Problem:
Each line below should be written out again exactly.

[Collected data entries]
=======

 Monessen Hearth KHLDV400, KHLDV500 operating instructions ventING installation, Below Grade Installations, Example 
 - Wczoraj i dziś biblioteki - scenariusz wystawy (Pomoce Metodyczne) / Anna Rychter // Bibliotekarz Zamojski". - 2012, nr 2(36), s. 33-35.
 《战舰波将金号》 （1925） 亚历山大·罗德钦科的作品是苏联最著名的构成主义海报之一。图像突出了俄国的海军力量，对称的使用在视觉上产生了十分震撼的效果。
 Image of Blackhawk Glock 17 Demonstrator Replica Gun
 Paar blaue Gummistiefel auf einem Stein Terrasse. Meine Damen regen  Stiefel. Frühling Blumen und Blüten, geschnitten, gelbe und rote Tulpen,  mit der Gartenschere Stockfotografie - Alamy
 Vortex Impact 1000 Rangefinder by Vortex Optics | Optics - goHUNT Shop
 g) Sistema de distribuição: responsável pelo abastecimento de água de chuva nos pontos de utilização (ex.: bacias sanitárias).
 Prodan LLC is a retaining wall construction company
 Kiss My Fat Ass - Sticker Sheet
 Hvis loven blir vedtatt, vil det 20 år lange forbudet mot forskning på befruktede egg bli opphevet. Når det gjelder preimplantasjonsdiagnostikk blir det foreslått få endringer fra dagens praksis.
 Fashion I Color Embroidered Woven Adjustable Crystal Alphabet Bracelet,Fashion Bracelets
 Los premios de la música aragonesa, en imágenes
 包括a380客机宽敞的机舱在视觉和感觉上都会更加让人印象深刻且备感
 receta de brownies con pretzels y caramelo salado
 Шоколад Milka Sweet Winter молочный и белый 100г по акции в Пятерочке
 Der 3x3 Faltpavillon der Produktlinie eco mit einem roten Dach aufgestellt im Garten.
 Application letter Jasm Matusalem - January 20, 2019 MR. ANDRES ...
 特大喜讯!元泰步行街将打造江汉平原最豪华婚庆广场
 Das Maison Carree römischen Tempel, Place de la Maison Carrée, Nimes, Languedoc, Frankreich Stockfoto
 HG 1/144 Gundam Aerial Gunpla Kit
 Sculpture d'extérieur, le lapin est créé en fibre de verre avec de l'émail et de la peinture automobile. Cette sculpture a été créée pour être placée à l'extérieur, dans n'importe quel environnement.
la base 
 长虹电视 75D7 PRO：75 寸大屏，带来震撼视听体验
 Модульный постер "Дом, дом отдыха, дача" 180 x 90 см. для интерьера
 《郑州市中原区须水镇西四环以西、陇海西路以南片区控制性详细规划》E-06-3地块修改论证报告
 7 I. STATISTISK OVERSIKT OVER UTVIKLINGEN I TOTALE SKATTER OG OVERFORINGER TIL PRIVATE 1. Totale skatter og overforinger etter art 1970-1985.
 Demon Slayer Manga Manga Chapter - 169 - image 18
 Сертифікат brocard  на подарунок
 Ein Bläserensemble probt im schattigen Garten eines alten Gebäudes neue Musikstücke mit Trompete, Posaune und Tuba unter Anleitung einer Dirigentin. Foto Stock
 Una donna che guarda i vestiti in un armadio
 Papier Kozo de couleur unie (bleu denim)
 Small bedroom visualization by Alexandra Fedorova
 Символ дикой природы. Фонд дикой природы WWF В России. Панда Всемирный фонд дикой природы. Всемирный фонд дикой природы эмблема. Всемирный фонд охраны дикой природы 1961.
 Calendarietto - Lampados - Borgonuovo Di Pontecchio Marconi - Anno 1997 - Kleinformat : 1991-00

=======

Written answer:
 Monessen Hearth KHLDV400, KHLDV500 operating instructions ventING installation, Below Grade Installations, Example 
 - Wczoraj i dziś biblioteki - scenariusz wystawy (Pomoce Metodyczne) / Anna Rychter // Bibliotekarz Zamojski". - 2012, nr 2(36), s. 33-35.
 《战舰波将金号》 （1925） 亚历山大·罗德钦科的作品是苏联最著名的构成主义海报之一。图像突出了俄国的海军力量，对称的使用在视觉上产生了十分震撼的效果。
 Image of Blackhawk Glock 17 Demonstrator Replica Gun
 Paar blaue Gummistiefel auf einem Stein Terrasse. Meine Damen regen  Stiefel. Frühling Blumen und Blüten, geschnitten, gelbe und rote Tulpen,  mit der Gartenschere Stockfotografie - Alamy
 Vortex Impact 1000 Rangefinder by Vortex Optics | Optics - goHUNT Shop
 g) Sistema de distribuição: responsável pelo abastecimento de água de chuva nos pontos de utilização (ex.: bacias sanitárias).
 Prodan LLC is a retaining wall construction company
 Kiss My Fat Ass - Sticker Sheet
 Hvis loven blir vedtatt, vil det 20 år lange forbudet mot forskning på befruktede egg bli opphevet. Når det gjelder preimplantasjonsdiagnostikk blir det foreslått få endringer fra dagens praksis.
 Fashion I Color Embroidered Woven Adjustable Crystal Alphabet Bracelet,Fashion Bracelets
 Los premios de la música aragonesa, en imágenes
 包括a380客机宽敞的机舱在视觉和感觉上都会更加让人印象深刻且备感
 receta de brownies con pretzels y caramelo salado
 Шоколад Milka Sweet Winter молочный и белый 100г по акции в Пятерочке
 Der 3x3 Faltpavillon der Produktlinie eco mit einem roten Dach aufgestellt im Garten.
 Application letter Jasm Matusalem - January 20, 2019 MR. ANDRES ...
 特大喜讯!元泰步行街将打造江汉平原最豪华婚庆广场
 Das Maison Carree römischen Tempel, Place de la Maison Carrée, Nimes, Languedoc, Frankreich Stockfoto
 HG 1/144 Gundam Aerial Gunpla Kit
 Sculpture d'extérieur, le lapin est créé en fibre de verre avec de l'émail et de la peinture automobile. Cette sculpture a été créée pour être placée à l'extérieur, dans n'importe quel environnement.
la base 
 长虹电视 75D7 PRO：75 寸大屏，带来震撼视听体验
 Модульный постер "Дом, дом отдыха, дача" 180 x 90 см. для интерьера
 《郑州市中原区须水镇西四环以西、陇海西路以南片区控制性详细规划》E-06-3地块修改论证报告
 7 I. STATISTISK OVERSIKT OVER UTVIKLINGEN I TOTALE SKATTER OG OVERFORINGER TIL PRIVATE 1. Totale skatter og overforinger etter art 1970-1985.
 Demon Slayer Manga Manga Chapter - 169 - image 18
 Сертифікат brocard  на подарунок
 Ein Bläserensemble probt im schattigen Garten eines alten Gebäudes neue Musikstücke mit Trompete, Posaune und Tuba unter Anleitung einer Dirigentin. Foto Stock
 Una donna che guarda i vestiti in un armadio
 Papier Kozo de couleur unie (bleu denim)
 Small bedroom visualization by Alexandra Fedorova
 Символ дикой природы. Фонд дикой природы WWF В России. Панда Всемирный фонд дикой природы. Всемирный фонд дикой природы эмблема. Всемирный фонд охраны дикой природы 1961.
 Calendarietto - Lampados - Borgonuovo Di Pontecchio Marconi - Anno 1997 - Kleinformat : 1991-00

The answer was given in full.